Producers in France’s Champagne region concluded this year’s harvest with a big sigh of relief. The 2021 growing season was one of the region’s most challenging in decades, dogged by frost, mildew and hail. But all is not lost, leading Champagne houses and growers insist. The reduced crop that they were able to harvest still shows outstanding potential.
The Comité Interprofessionel du Vin de Champagne (CIVC), Champagne’s governing trade body, announced the official start of harvest and picking Sept. 6. At the same time, the organization released a devastating series of statistics: Frost destroyed an estimated 30 percent of Champagne’s 2021 crop in April and early May, mildew reduced the potential harvest an additional 25 to 30 percent, and hail damage struck 1,235 acres of vineyards, about 1.5 percent of the region’s total acreage, with roughly half of the crop among those 1,200-plus acres lost entirely.

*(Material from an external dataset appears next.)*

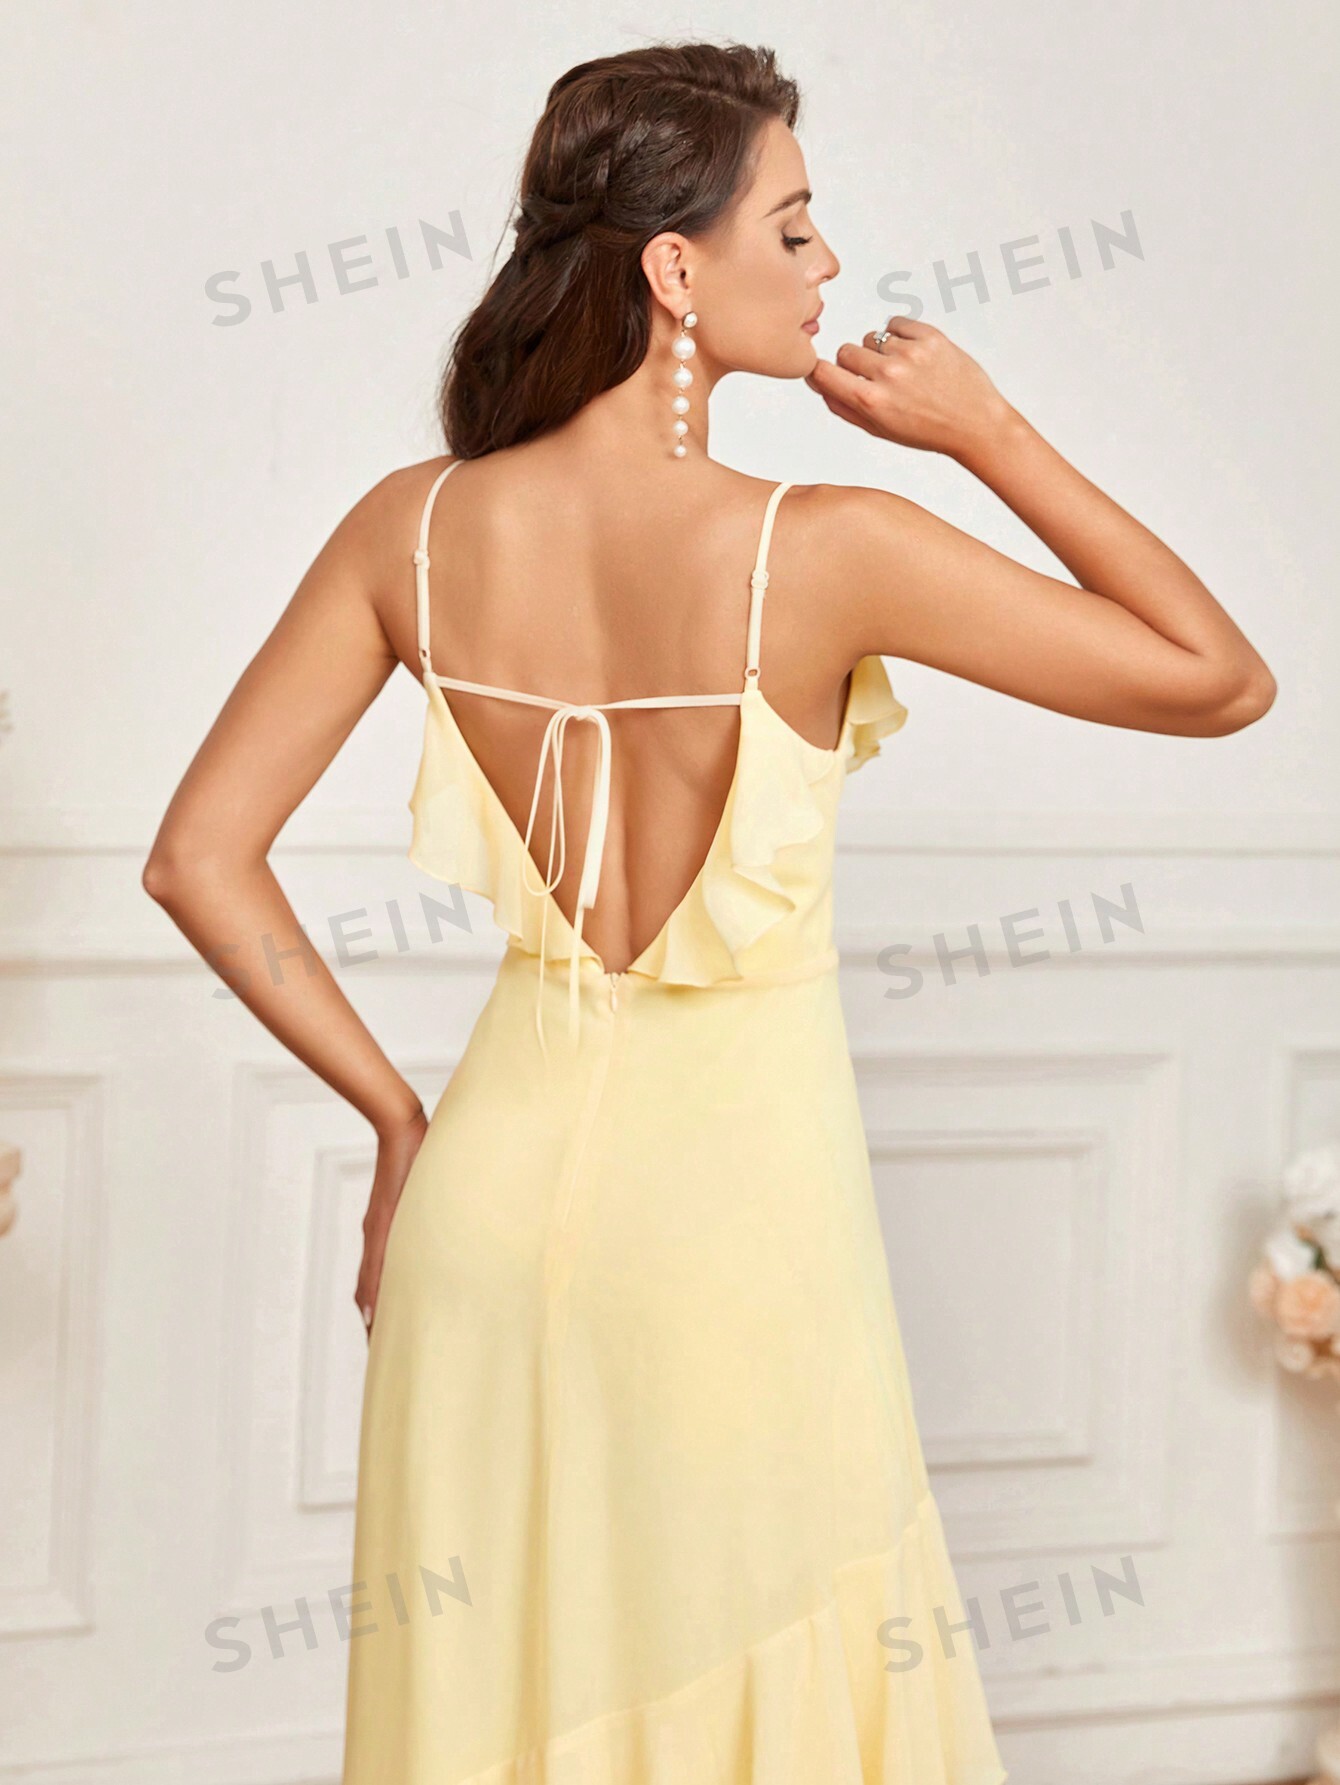 SHEIN Belle Элегантное романтическое желтое сексуальное платье-комбинация с открытой спиной и рюшами по подолу, желтый мини платье annorlunda с открытой спиной рюшами и корсажем

“This year has been quite complicated,” said Mathilde Margaine, who works with her father, owner and winemaker for the family’s A. Margaine, based in Villers-Marmery. She noted that several nights of frost that hit vineyards throughout France in April were not as impactful to all of Champagne, because most vines had not experienced budbreak yet in the region’s northern subzones. But in the Aube subregion, the most southern portion of Champagne, the vines were already well-developed when several nights of frost between the second week of April and first week of May decimated the young buds.
“After [the frost], the nightmare really started,” said Margaine, describing hail in May and June that damaged and destroyed vines in some parts of Champagne, including two plots that Margaine owns in Trépail. Other areas were completely spared.
Next steady rains promoted the development of disease, particularly downy mildew, across the region. “We had a lot of rain and storms in spring and early summer,” said Jean-Baptiste Lécaillon, chef de caves for Louis Roederer. “[As a result, we] developed the highest downy mildew pressure in Champagne since 1958!”
The rains persisted from spring into early August, turning the ground muddy and making it hard for growers to get into the vineyards to treat the vines and counter the sometimes rampant mildew. “There were no good options this year,” said Margaine.
Going into harvest, Lécaillon credited dry, cool conditions in August as the reprieve growers needed for surviving grape bunches to continue maturation. He estimates he lost approximately 25 percent of his crop due to frost and 25 percent due to mildew but harvested larger berries with more juice due to the abundant water supply. The result? He expects a 30 percent smaller harvest in 2021 when all is counted.
“We’re down 50 percent,” reported chef de caves Frédéric Panaiotis of Ruinart Champagne. “But the good news is that harvest was very late.” Ruinart harvested from mid-September through early October, which allowed for greater homogeneity in the quality and character of the fruit—a concern going into harvest. “It could be a classic vintage,” added Panaiotis. “But the thing is, there won’t be a lot of it. We’ll have to dig into our reserve wines for the non-vintage [bottlings], and there won’t be a lot left over for the vintage [bottlings].”
Ironically, there are fewer reserve wines from the 2020 vintage than there might have been. In 2020 the CIVC set maximum yields for the region at 8,000 kilograms per hectare (or 3.57 tons per acre) in response to plummeting Champagne sales during the pandemic and to protect Champagne’s long-term economic health. It was a 20 percent drop from 2019, and in a healthy year like 2020, it meant some grapes were left on the vines or sold at a fraction of the usual rate to distillers. With a robust increase in sales in 2021, the CIVC has set 2021’s maximum yields at a more typical 10,000 kg/ha (or 4.46 tons per acre).
Given 2021’s difficult conditions, most producers were unable to reach the maximum yield. But what remains shows good potential, and Champagne’s producers have a recent string of outstanding vintages to lean on with the 2018, 2019 and 2020 harvests. Consumers will have no difficulty finding quality Champagne in the coming years.